Optionally, before the obtaining module cleans the data source based on the preset task condition, the obtaining module includes:
and setting task conditions, batch times and mapping relations in the configuration file, and initializing the configuration file into a memory.
Optionally, the dividing module generates a corresponding batch number, including:
and acquiring the current timestamp, and splicing to generate a corresponding batch number based on the hash value of the task identification code.
Optionally, the exporting module exports the cleaned data to the intermediate table in batches according to a preset mapping relationship, including:
and exporting the cleaned data to an intermediate table in batches according to a preset mapping relation by utilizing a parallel operation programming model of the data set and an analyzer for converting the database into a distributed file system.
One embodiment of the above invention has the following advantages or benefits: the method comprises the steps that a service system data source is obtained, the data source is cleaned based on preset task conditions, and a task counter is increased when one cleaned data is obtained; monitoring the task calculator, and generating a corresponding batch number if the task calculator is determined to be more than the batch number until the batch division of the cleaned data is completed; the technical means of exporting the cleaned data to the intermediate table in batches according to the preset mapping relation based on the batch number overcomes the technical problem of database jamming caused by overlarge data amount when business data are exported to the intermediate table, further achieves the technical effects of dynamically splitting the data into a plurality of batches according to the specified split batch number, performing data integration and data analysis according to different batches, realizing data identification intellectualization, reducing unnecessary development workload and improving working efficiency.
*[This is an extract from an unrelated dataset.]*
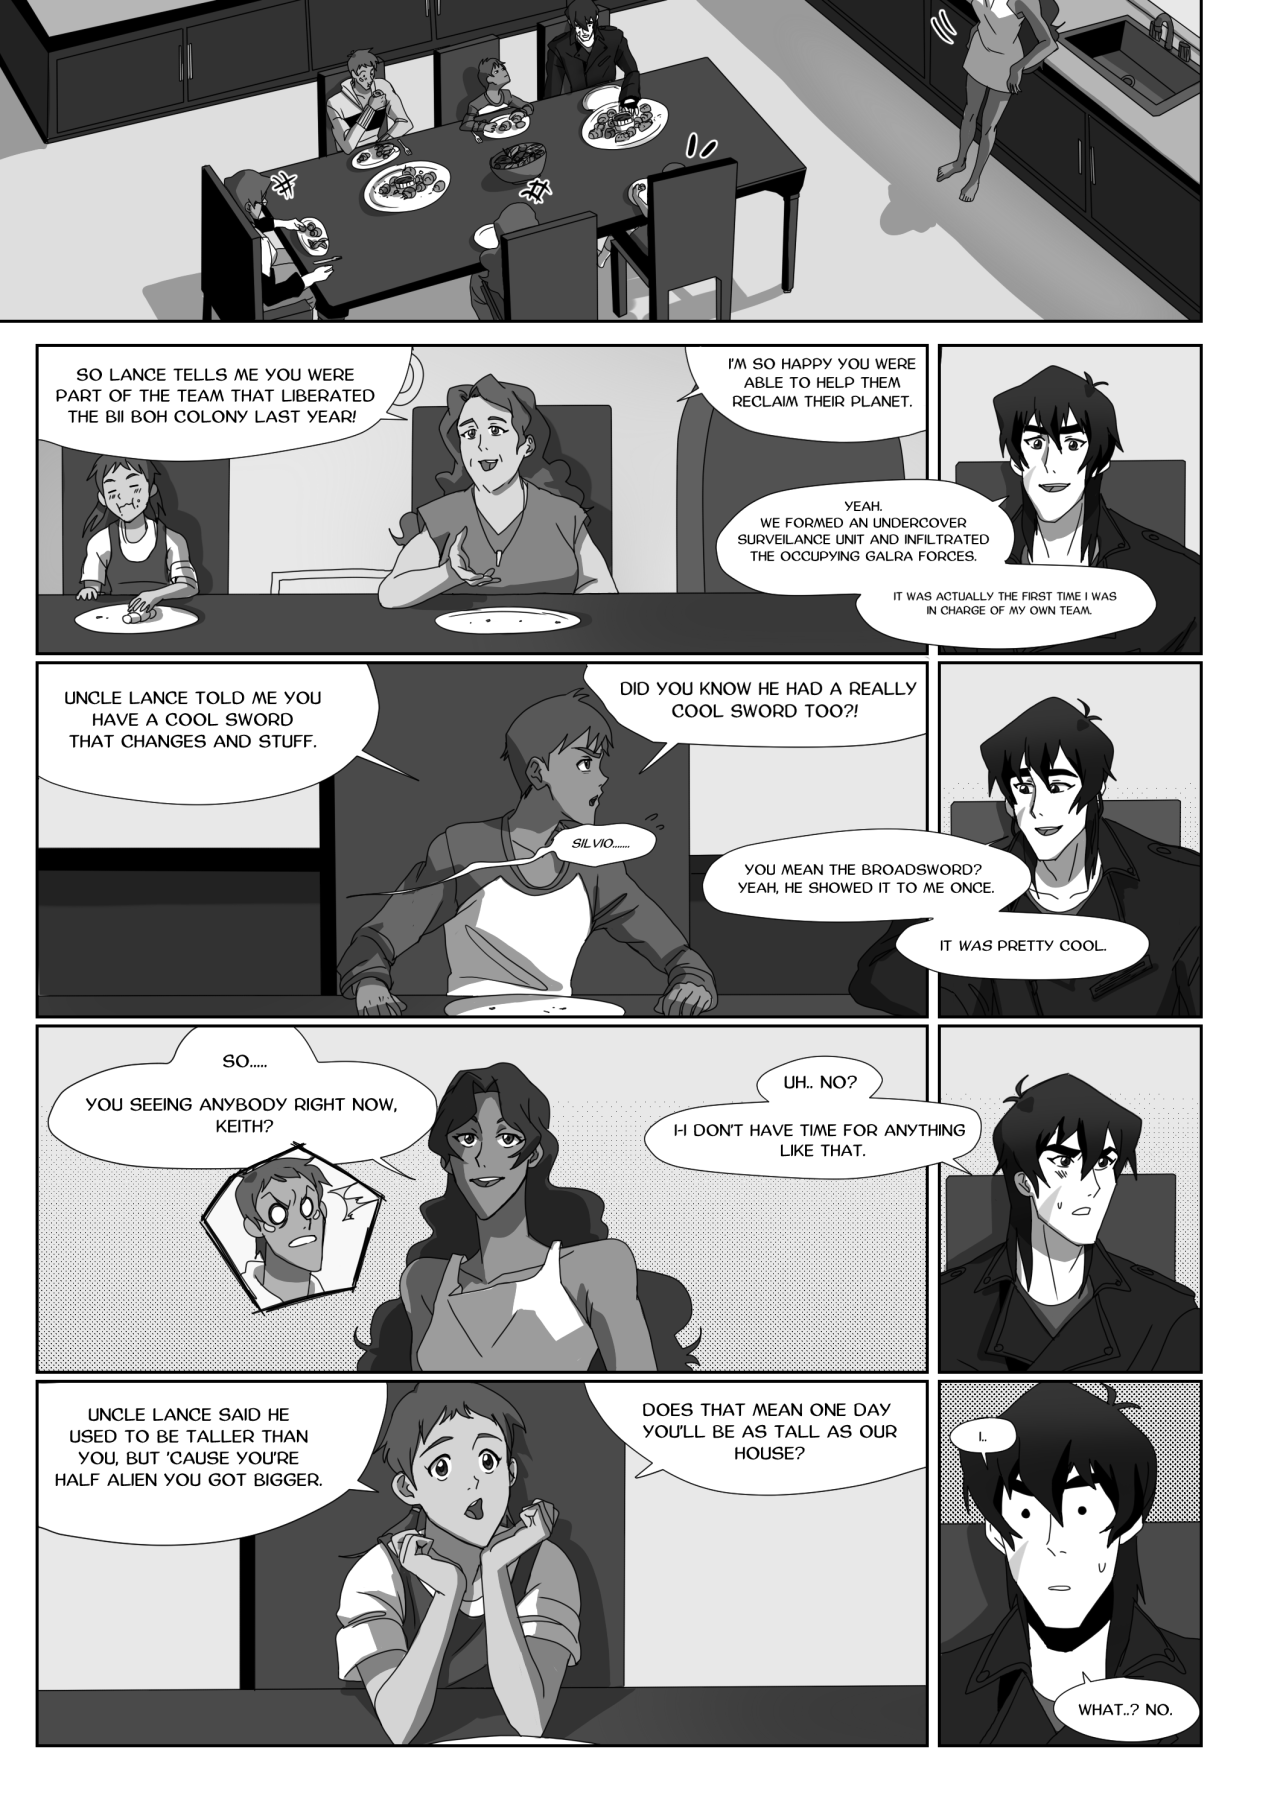 Previous. klance comic SRPA page 16! lances family grills keith and rachel ...
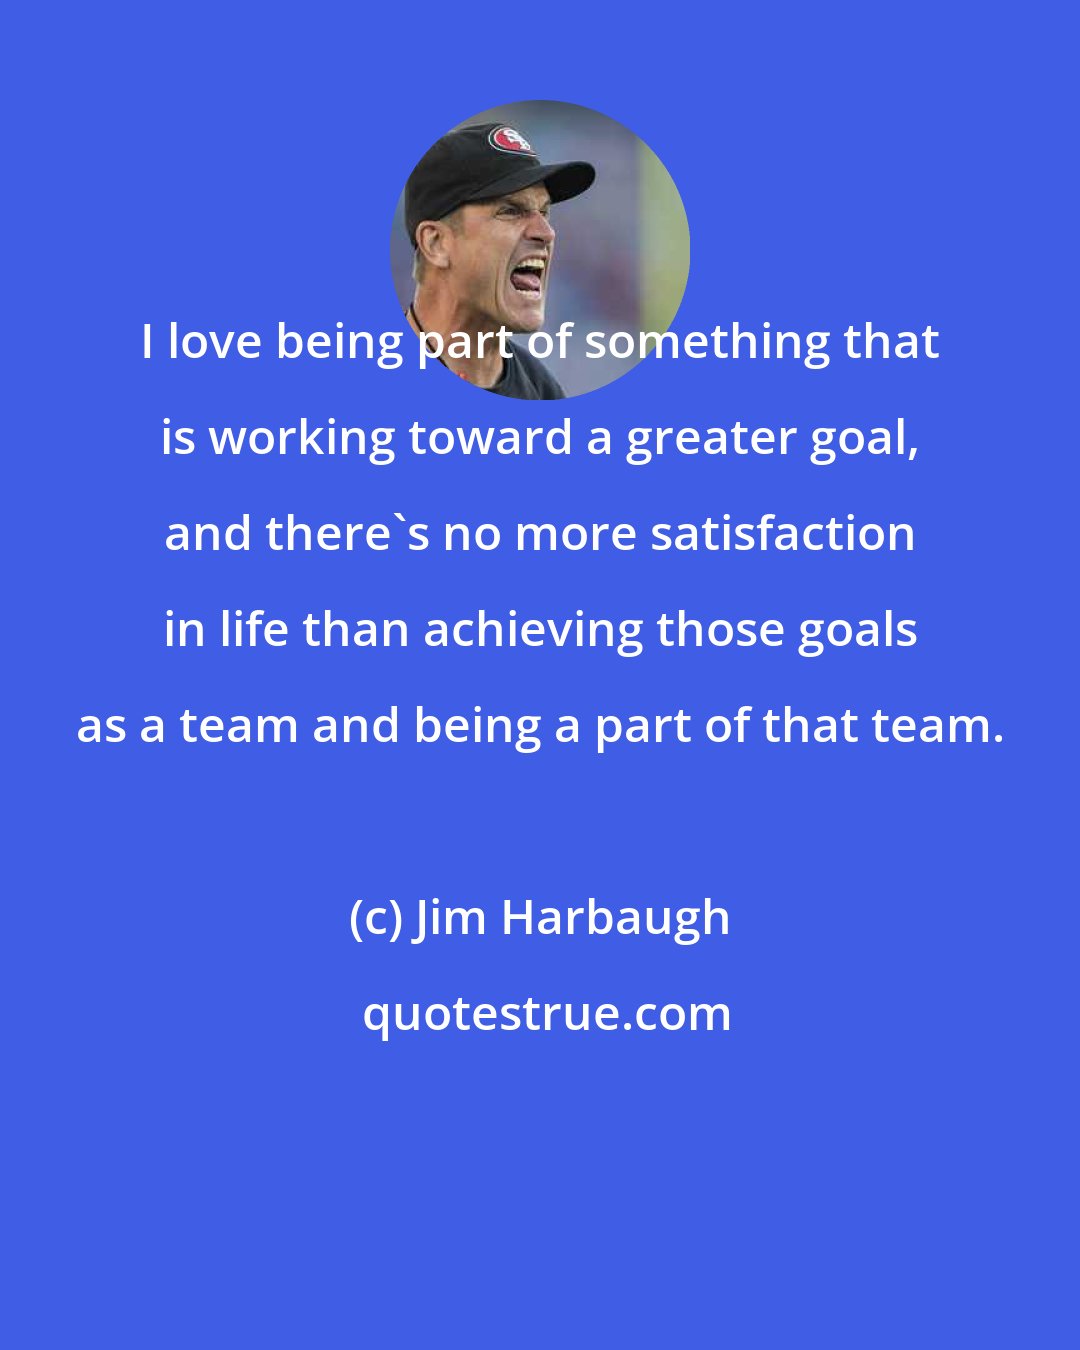 Jim Harbaugh: I love being part of something that is working toward a greater goal, and there's no more satisfaction in life than achieving those goals as a team and being a part of that team.

Further effects of the above-mentioned non-conventional alternatives will be described below in connection with the embodiments.
Drawings
The drawings are included to provide a better understanding of the invention and are not to be construed as unduly limiting the invention. Wherein:
fig. 1 is a schematic diagram of a main flow of a data dynamic splitting method according to a first embodiment of the present invention;
FIG. 2 is a schematic diagram of a main flow of a data dynamic splitting method according to a second embodiment of the present invention;
FIG. 3 is a schematic diagram of the main modules of a data dynamic splitting apparatus according to an embodiment of the present invention;
FIG. 4 is an exemplary system architecture diagram in which embodiments of the present invention may be employed;
fig. 5 is a schematic block diagram of a computer system suitable for use in implementing a terminal device or server of an embodiment of the invention.
Detailed Description
Exemplary embodiments of the present invention are described below with reference to the accompanying drawings, in which various details of embodiments of the invention are included to assist understanding, and which are to be considered as merely exemplary. Accordingly, those of ordinary skill in the art will recognize that various changes and modifications of the embodiments described herein can be made without departing from the scope and spirit of the invention. Also, descriptions of well-known functions and constructions are omitted in the following description for clarity and conciseness.
Fig. 1 is a schematic diagram of a main flow of a dynamic data splitting method according to a first embodiment of the present invention, as shown in fig. 1, the dynamic data splitting method includes:
step S101, a service system data source is obtained, the data source is cleaned based on preset task conditions, and a task counter is increased when one cleaned data is obtained.
In some embodiments, the task conditions, the batch times and the mapping relationships in the data dynamic splitting method are all set in a configuration file in advance. Further, before step S101 is executed, the configuration file may be initialized to the memory, and further, before step S101 is executed, the configuration file in the memory may be analyzed, so that the task condition, the batch number, and the mapping relationship may be obtained.
The task conditions are screening conditions set according to different service requirements. The batch number is the data volume of one batch and can be preset according to the actual situation. The mapping relation is used for converting the data field value of the business system into the field value of the intermediate table according to the defined mapping relation, and supports direct mapping and also supports function mapping.
It should be noted that the service system data source may come from various databases, such as sqlserver, mysql, oracle, and so on.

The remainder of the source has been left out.